A última vez que assistira ao seu pranto convulsivo fora no Faustão. Revelara-se que uma empresa com seu nome se apropriara de US$ 700 mil movimentados em torno de um evento beneficente para o Unicef da Argentina que nunca aconteceu.
A firma que ficou com a grana era homônima à que Pelé controlava no Brasil. Sediada em paraíso fiscal, fora omitida ao fisco por ele e seu então sócio Hélio Viana. Ministro dos Esportes, o ex-jogador assinara um contrato com o Unicef como avalista da offshore. Firmara outro como presidente da tal companhia. Seu advogado o informara dos US$ 700 mil em caixa. Sugeria que a Pelé Sports & Marketing Inc. embolsasse tudo e nada repassasse ao fundo da ONU para o qual arrecadaram-se os dólares. Assim foi feito.

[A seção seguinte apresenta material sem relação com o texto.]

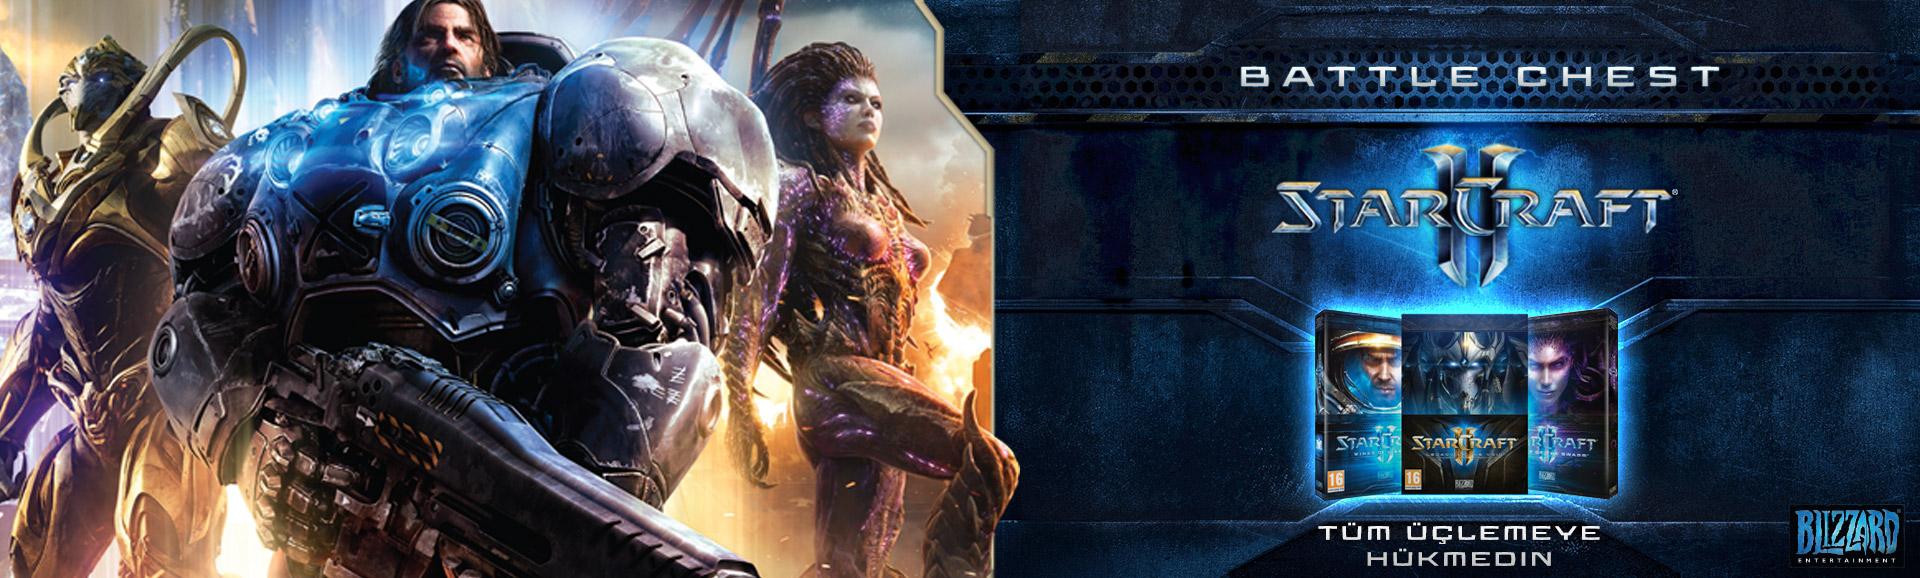 STARCRAFT 2 New BattleChest Şimdi Satışta!

Tudo isso, jurou Pelé, sem ele saber. Empresa no exterior? Estava por fora. Pôs o rolo na conta do sócio com que rompera. Prometeu que escolheria a dedo os parceiros dali em diante. E chorou no Faustão. Apresentou as novas credenciais: associou-se ao reverendo Moon na promoção de um torneio "pela paz". O projeto mexia com milhões. Prepostos de Pelé contaram que ele foi ludibriado e não recebeu o devido.
Na jogada na Coréia estava também um colaborador do ex-ministro que saiu em sua defesa no caso Unicef. Por uma coincidência danada, o amigo anda sumido do Brasil desde a publicação de algumas sentenças nas mais de mil ações contra ele e um negócio seu do ramo de saúde.

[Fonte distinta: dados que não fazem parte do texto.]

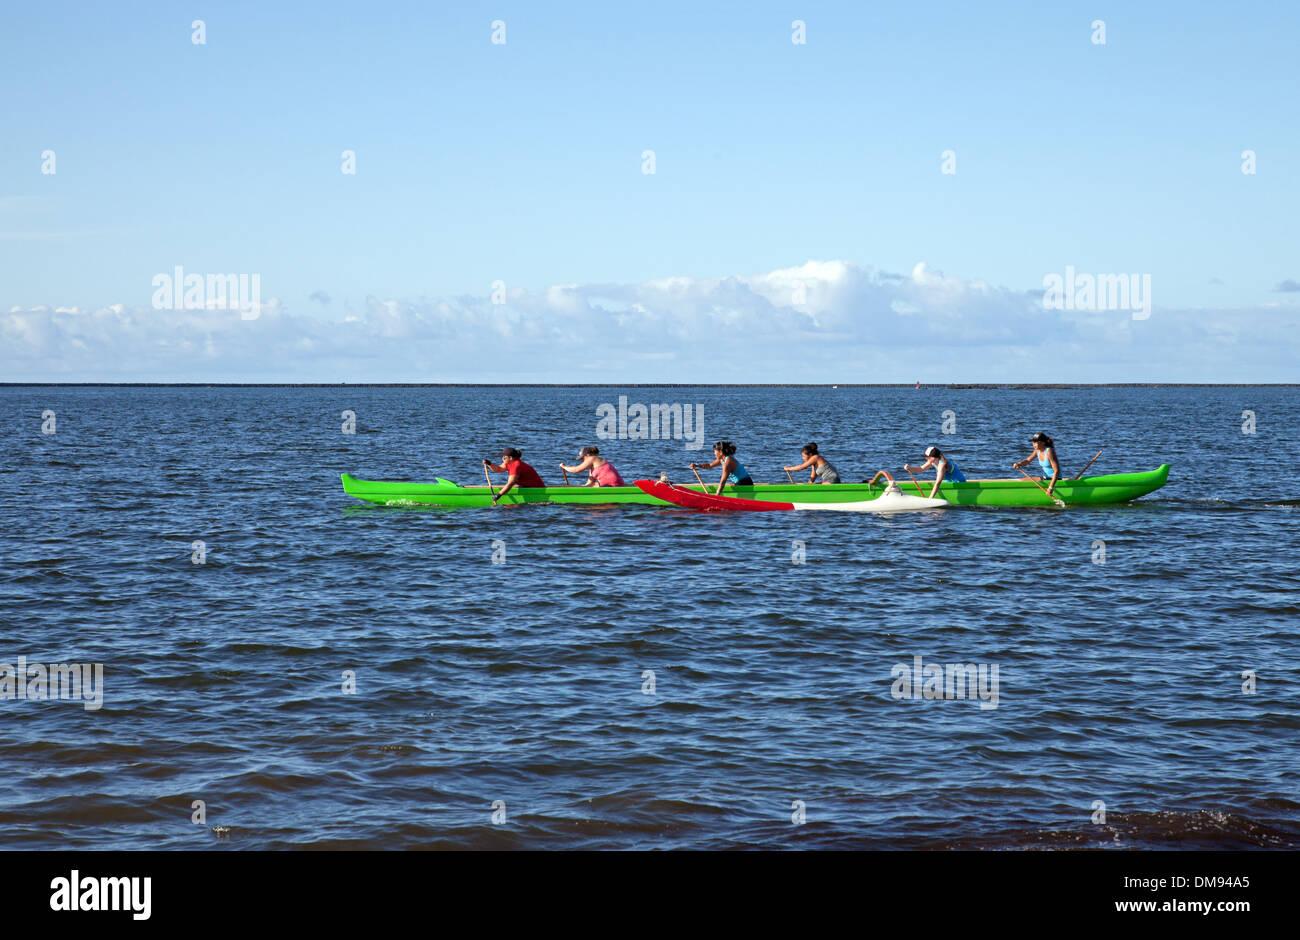 Canoe club practice race on Hilo Bay. - Stock Image

Há um ano, noticiou-se que Pelé reconheceu num processo ser dono de outra offshore jamais declarada. Um porta-voz esclareceu: o Rei não sabia. Logo montou uma lista de feras de todos os tempos em que Romerito barrou Gérson. Na festa da Fifa em Londres, apareceu com o colaborador que anda sem dar as caras por aqui, agora anunciado como funcionário da empresa Pelé Pro.
Pelé encarna a nossa tragédia. De um lado, o talento inigualável, o melhor do mundo. O país que deu certo, o sucesso. A generosidade de oferecer o milésimo gol às crianças. O amigo que todo mundo quer.
De outro, o antípoda. Ouvi ontem: como se ao vestir o terno virasse o contrário do cara bacana de uniforme e agasalho esportivos. É a sina brasileira. Talvez não faltem motivos para chorar.

Zidane e Petkovic
Nos gols de falta de Zidane e Petkovic no domingo, viu-se a diferença do cracaço para o jogadoraço. A cobrança do francês contra a Inglaterra saiu como um canhão. Na do sérvio diante do Palmeiras, menos eficiente, a bola foi mais lenta. Como diria o idiota da objetividade, o gol vale igual.

Árbitro de peso
Impressionante o perfil rechonchudo do árbitro Héber Lopes, que apitou Flamengo x Vitória. Parece cada vez mais gordo. Qual o limite de peso estabelecido pela CBF?

A saída de Kajuru
Se a crítica a Aécio Neves dá demissão quando o neto de Tancredo é governador, imagine se ele um dia chegar à Presidência.